Он уже за то был благодарен Дружинину, что тот, ворвавшись к нему, расшевелил и ободрил его. Ум, усталый, тупой, неожиданно ожил. Ответы вспыхивали сами собой. Испытывая удовольствие беззлобно острить, он весело произнес:

– Я не во всем схожусь с Иваном Тургеневым, но совершенно согласен в одном: вы – милейший из консерваторов.

Александр Васильевич величественно снял ногу с ноги, поднялся, упираясь в собственные колени руками, и прошепелявил, изображая каприз:

– Нет, не спорьте, меня вы не любите, у меня дело к вам, даже, может быть, два или три.

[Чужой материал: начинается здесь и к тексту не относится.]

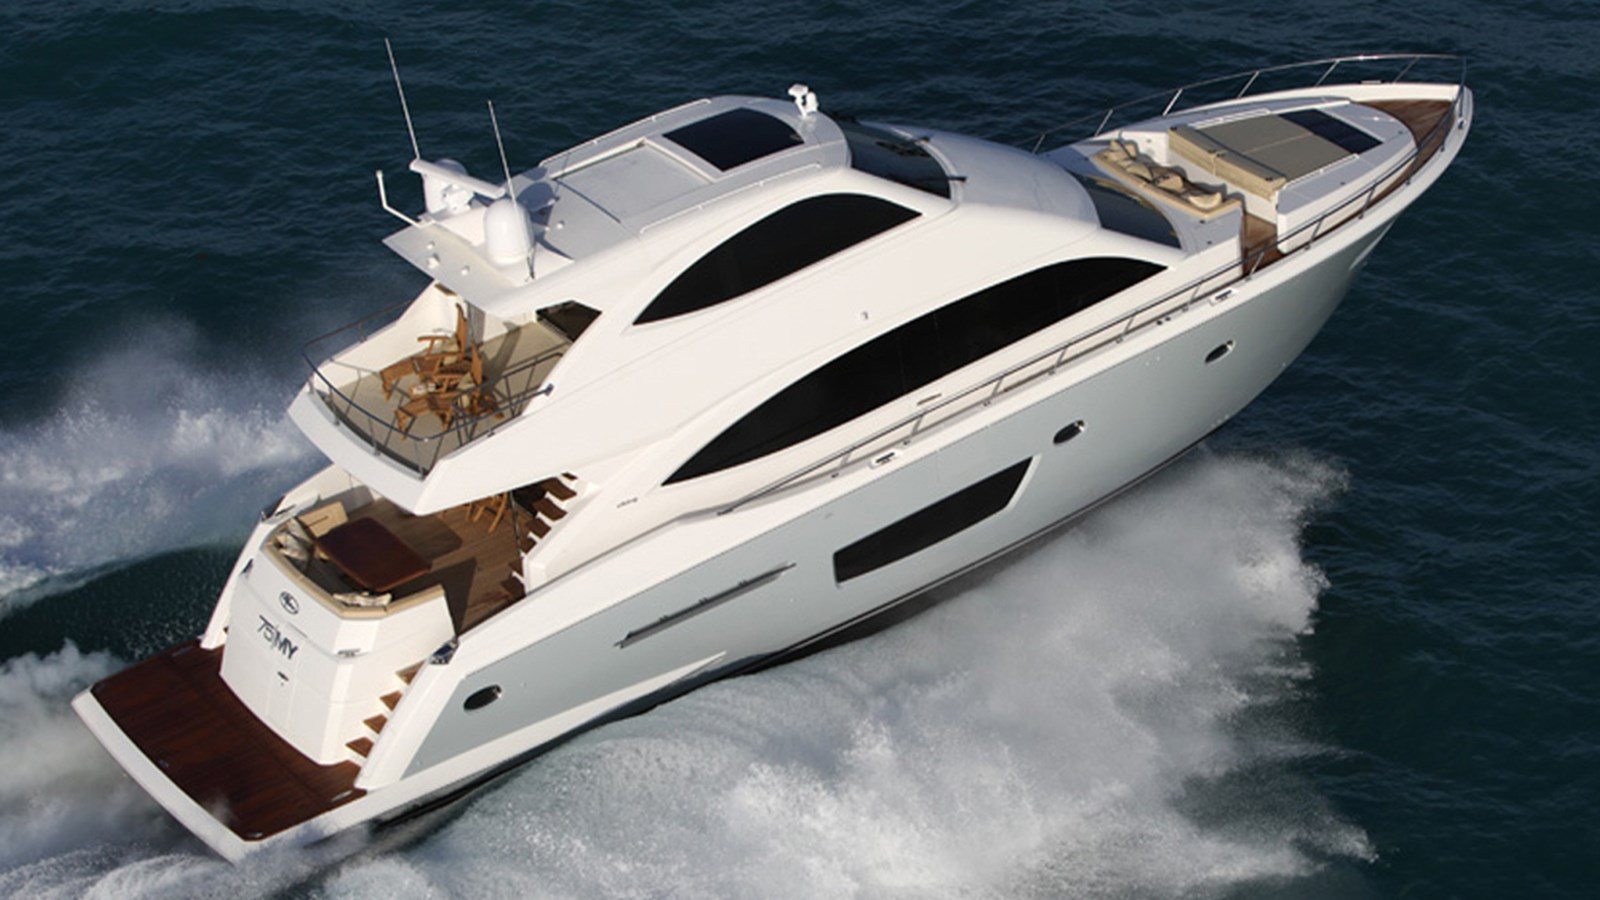 2018 VIKING 75 Motor Yacht (VK75-507) For Sale

Он без упрека, благодушно сказал:

– Вы являетесь только по делу.

Расхаживая с важным видом по кабинету, не обращая внимания на его попытки острить, задумчиво подергивая кончик усов, Александр Васильевич меланхолически сообщил:

– Для вашего отпуска вам нужны будут деньги, и я бы хотел предложить вам аванс, но вы пишете новый очерк из вашего путешествия, очерк мне нравится, я бы его поместил, особенно если вы окажетесь так любезны, что поспеете к апрельскому номеру. Впрочем, ежели вы уже имеете виды, я не буду в обиде на вас, я всё понимаю.

Пытаясь проглотить подкативший к горлу комок, волнуясь, пряча глаза, Иван Александрович с трудом выдавил из себя:

– Нет, отчего же? Я успею к апрельскому номеру.

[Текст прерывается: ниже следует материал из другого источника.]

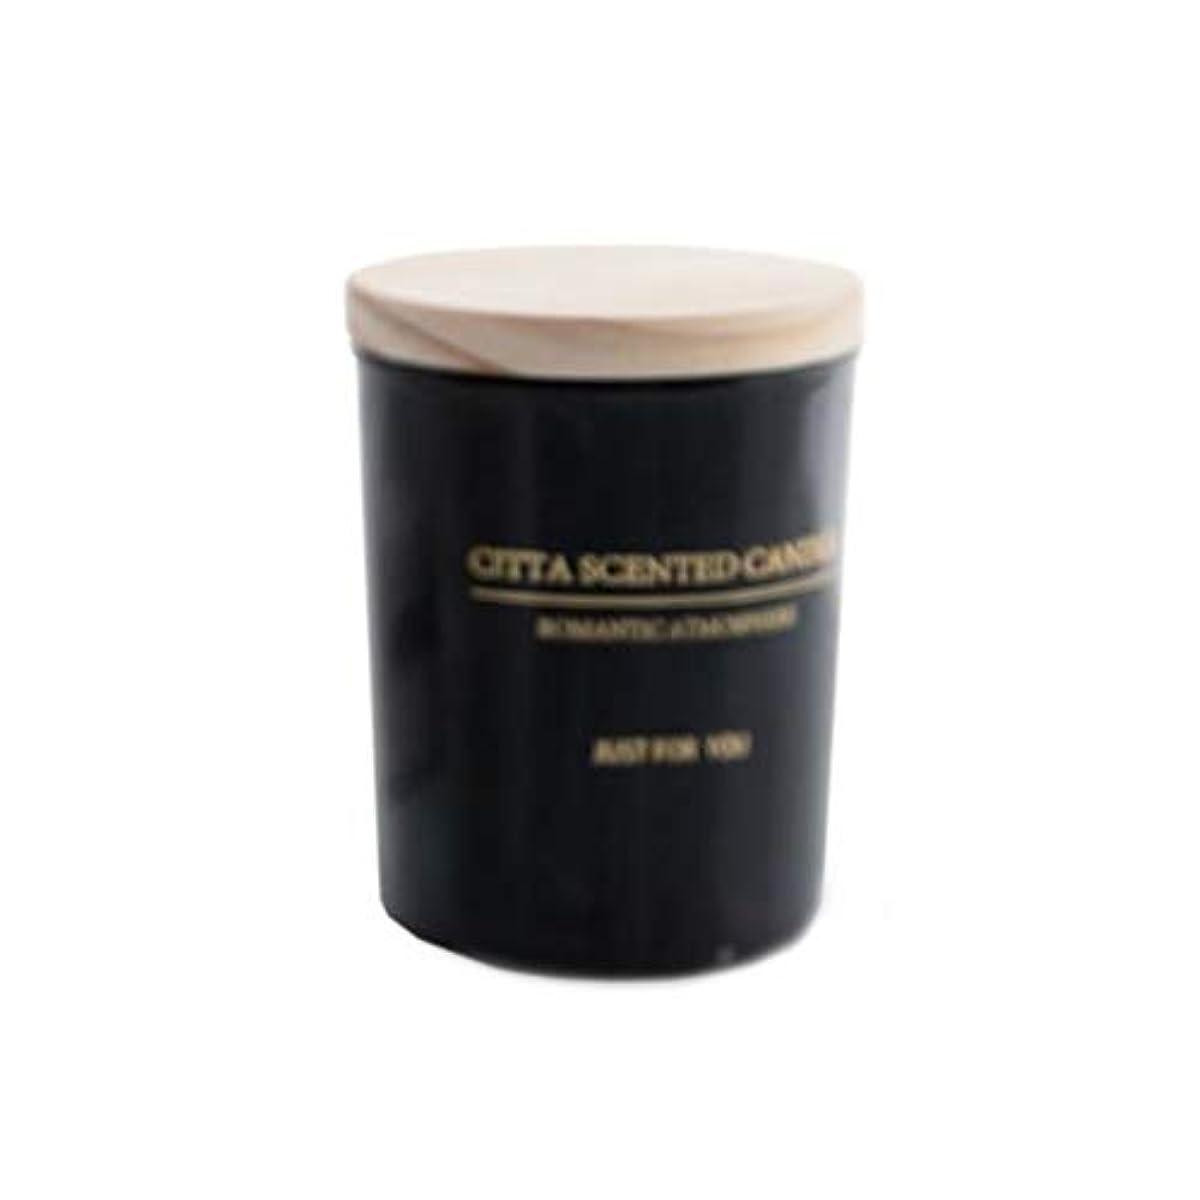 抽選スペイン閃光キャンドル、木製カバーガラス香りのキャンドル、白黒シンプル大容量環境に優しい無煙大豆キャンドル (Color : Black)

Поглаживая короткую эспаньолку, Александр Васильевич размеренно продолжал:

– На случай, если бы написали роман, я имел доверительную беседу с Печаткиным, от которого я в таком деле зависим. Печаткин склонился дать вам за роман десять тысяч, с тем, чтобы вы печатали его в «Библиотеке для чтения» и позволили отдельное издание предоставить подписчикам оной в качестве премии. Если вам улыбнуться эти условия, Печаткин может пойти на аванс от двух до трех тысяч. Прибавьте к авансу плату за очерк, и вы сможете без забот проехаться по Европам, как ваше путешествие для меня ни прискорбно.

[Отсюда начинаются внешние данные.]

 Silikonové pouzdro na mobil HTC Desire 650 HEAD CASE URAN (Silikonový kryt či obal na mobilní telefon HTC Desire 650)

Тоже поднявшись, отойдя поспешно к окну, разглядывая поредевшие облака, за которыми пряталось бледное солнце, он отозвался негромко:

– Благодарю, что вы позаботились обо мне, однако аванса я не возьму, потому что романа не напишу.

Александр Васильевич, что-то передвигая у него за спиной, уверенно возразил:

– Этого вы теперь не можете знать, и если бы вы твердо решили, как я, что роман должен быть непременно написан к такому-то крайнему сроку, вы бы написали его, и я бы хотел, чтобы вы теперь же сделали такое решение, аванс мог бы вас обязать.

Он хотел, чтобы солнце пробилось сквозь облака, однако солнце застряло где-то возле самого края, слабо золотя прозрачную бахрому, и он отозвался с сожалением в голосе, с тупой болью в душе:

– Обязать себя авансом я уже пробовал, да аванс пришлось воротить, была неприятная сцена с Краевским.

По звуку неторопливых уверенных мягких шагов Александр Васильевич направился к двери и хладнокровно парировал уже от дверей:

– В крайнем случае Печаткину тоже можно будет вернуть. Человек он деликатный и своей кротостью повергающий в изумление.

Вздохнув с облегчением, жадно хватаясь за этот денежный пустой разговор, лишь бы не расплакаться от нахлынувшей благодарности за эту непрошеную, вдвойне дорогую заботу о нем, он сдавленно проговорил:

– Мне трудно сказать, хозяин ли он своих денег, верно ли дело ведет. По-моему, так он прижимчив, и очень, и я, говоря откровенно, не уверен в точном и своевременном платеже той значительной суммы, какая бы мне причиталась за труд.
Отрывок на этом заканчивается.